Stories themselves have power.
In the first instance, they are
central to what Mike Hill has termed “world building”, enabling students
to construct their own “imagined past” through their vivid imagery.
More specifically to the question
of representing diversity, something that has really occupied me when thinking about telling Jewish history, personal stories can help to draw
out the inherent differences within groups by revealing the varied
experiences of members of groups who might otherwise be portrayed as
more-or-less homogeneous.
This idea has been explored by
both Ed Durbin and Maia Stevenson and Molley-Ann Navey, who
demonstrate that personal stories can be used to examine the experiences
between and within groups of people, providing students with a platform to
think critically about questions of “typicality” and similarity and difference
as disciplinary concepts.
Further to this, though, a
carefully crafted personal story can be used to extend beyond the lived
experience of the individual in question. The past portrayed through one
person’s experience and perspective doesn’t just have to represent the
individual alone; it can bring into play others who are important to
understanding the wider narrative. One person can encounter others, sharing or
challenging their perspectives, and engaging in dialogue with those other
people and their perspectives. They can also be compared and contrasted, for
the purposes of the wider narrative, with those whose experiences were similar
or different, even if they did not directly encounter them.

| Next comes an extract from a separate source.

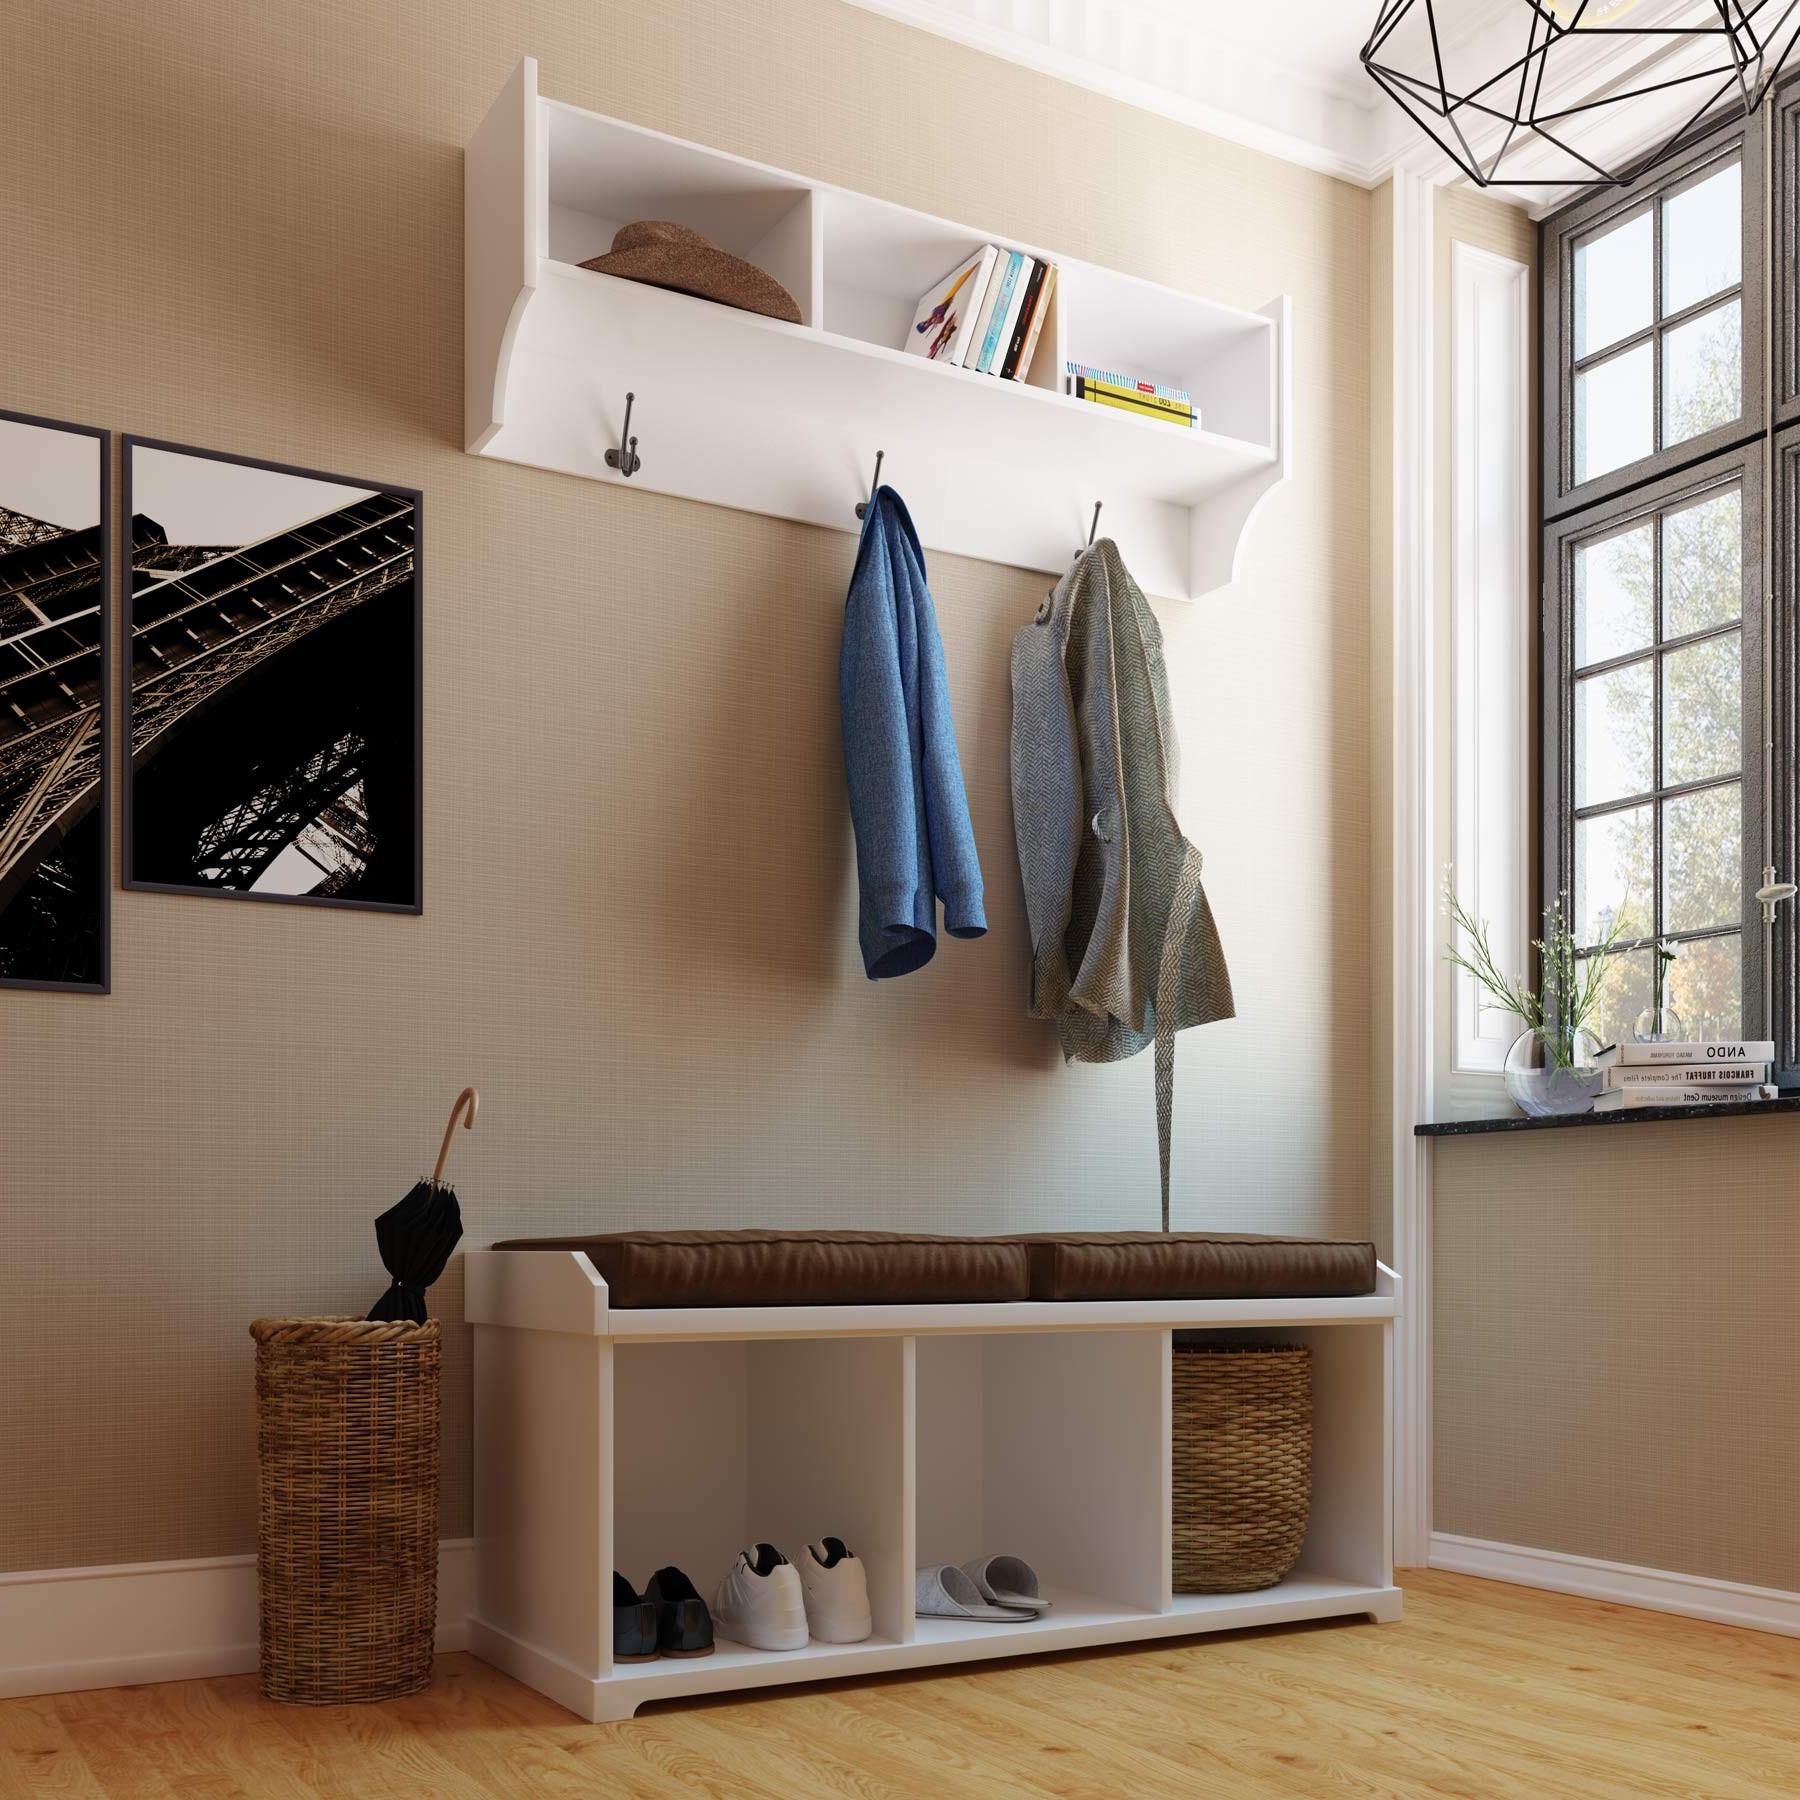 El Mueble Recibidores E6d5 Mueble Recibidor Lacado Puesto Lite

This is not to say that an
individual story can tell the whole story. As Mike Hill has
pointed out, the “secondary worlds” we want to enable students to construct
“always extend beyond the narratives set within them”. But I’d like to gently
push back against his further suggestion that “stories only shed light on the
sections of the world that are instrumental to advancing the story itself.” If
we set out to tell a personal story in a way that engage with the wider
narratives we want to tell our students of the past, we might instrumentalise that
story itself to wider sections of the world we are building (something I tried
to do when using the story of the Russian anarchist, Anatoly Zhelezniakov,
as a way of exploring the wider political polarisation seen in the Russian
Revolution of 1917).
In other words, when framed by
their wider context, personal stories can illuminate events well beyond
themselves.
Part
3: Bergelson’s Life as a Powerful Story
In any case, when thinking of
Birobidzhan and the wider context of Soviet Jewish and nationalities policy,
the story of David Bergelson is certainly a powerful one.
David (or, to give him his
Yiddish name, Dovid) Bergelson was in some ways highly representative of, and
in other ways very different from, the wider Jewish population of the Russian
Empire and USSR. He was born to a prosperous and religious family in the shtetl
of Okhrimovo in 1884, at a time when pogroms were raging across
the Pale of Settlement. By the time of the Russian Revolution in 1917,
he had begun to forge a career as one of the country’s leading Yiddish-language
authors.
In 1921, however, he left Russia and
would spend more than a decade living in emigration, mainly in Berlin. Bergelson
would only return to settle in his native land (by now renamed the USSR) in
1933. From the late 1920s onwards, he had begun to develop a keen interest in the
efforts of Jewish activists and Communists to establish a Soviet Jewish
homeland in Birobidzhan. His life story illuminates not just his own
extraordinary experiences, but also the fate of the Jewish Autonomous Region.
Bergelson actively promoted
Birobidzhan through his literature and journalism, despite never fully settling
in the region itself. Shortly after his first visit to Birobidzhan in 1932, he gave
his vision for the future of the Jewish Autonomous Region, which in his eyes
would centre on “a big, noisy city with a lot of factories on the outskirts, a
completely socialist city in a classless society”.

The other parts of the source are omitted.